A Study to Evaluate INCB099280 in Participants With Advanced Cutaneous Squamous Cell Carcinoma
About the study
This study is being conducted to determine the safety, tolerability, and preliminary efficacy of INCB099280 in participants with advanced Cutaneous Squamous Cell Carcinoma.
Who can take part
You may be eligible to participate in the study if you meet the following criteria:
INCLUSION CRITERIA
Inclusion Criteria:
- Histopathological diagnosis of cSCC.
- Previously untreated or recurrent locally advanced (without nodal metastases) or metastatic (distant or regional metastasis) cSCC not amenable to curative surgery and/or radiotherapy.

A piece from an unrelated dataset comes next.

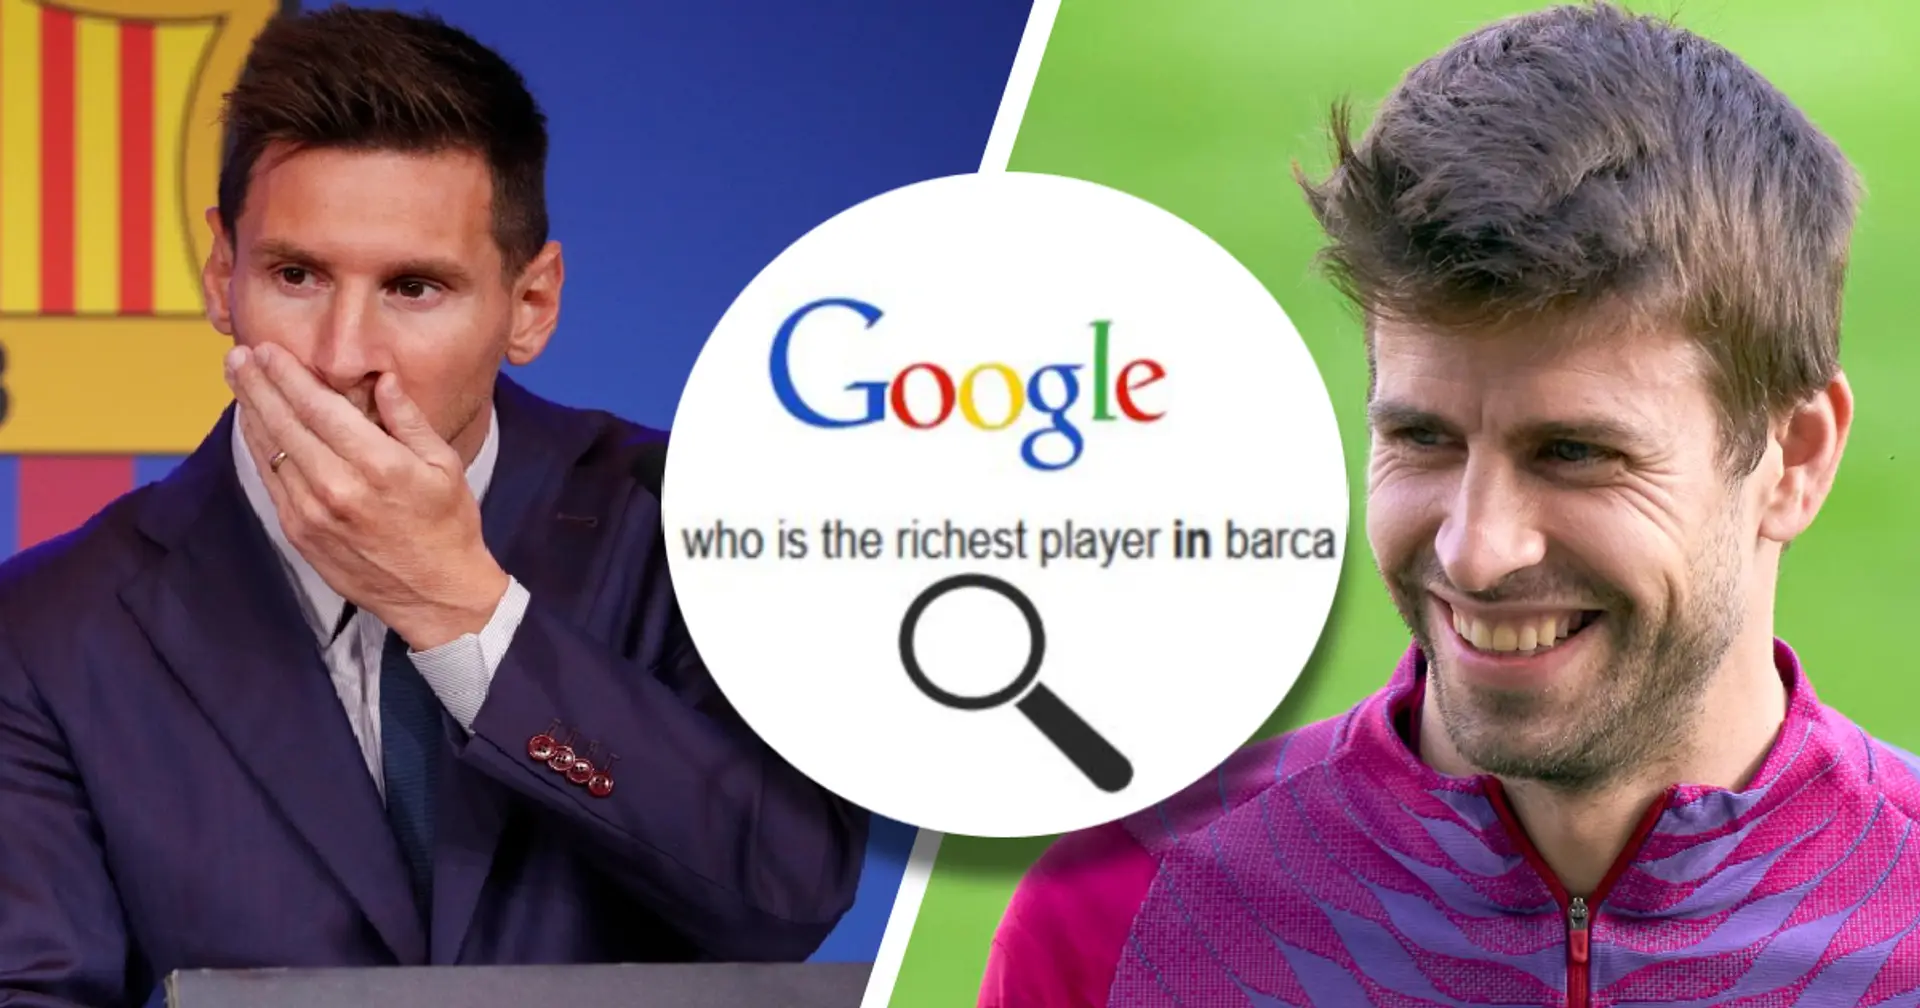 Who is the richest player at Barcelona? Googled, answered

- Measurable disease based on either radiographic imaging per RECIST 1.1 or WHO criteria.
- Eastern Cooperative Oncology Group (ECOG) performance status score of 0 or 1.
- Life expectancy > 3 months.
- Willingness to avoid pregnancy or fathering children.
EXCLUSION CRITERIA
Exclusion Criteria:
- Known history of an additional malignancy.

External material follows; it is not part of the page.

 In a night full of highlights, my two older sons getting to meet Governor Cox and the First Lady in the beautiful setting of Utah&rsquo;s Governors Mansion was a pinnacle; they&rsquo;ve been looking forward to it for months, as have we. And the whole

- Central nervous system (CNS) metastases requiring treatment and/or leptomeningeal disease.
- Toxicity from prior therapy that has not recovered.
- Prior receipt of an anti-PD-1, anti-PD-L1, or anti-PD-L2 agent; treatment with an immune modulator (eg, CTLA-4, GITR, LAG3, TIM3, OX40, ICOS, IL-2, 4-1BB, CAR-T cell).
- Received thoracic radiation within 6 months of the first dose of study treatment.
- Participation in another interventional clinical study while receiving INCB099280.
- Impaired cardiac function or clinically significant cardiac disease.
- History or evidence of interstitial lung disease including noninfectious pneumonitis.
- Presence of gastrointestinal conditions that may affect drug absorption.
- Any autoimmune disease requiring systemic treatment in the past 5 years.
- Diagnosis of primary immunodeficiency or receiving chronic systemic steroid therapy at a daily dose exceeding 10 mg of prednisone or equivalent.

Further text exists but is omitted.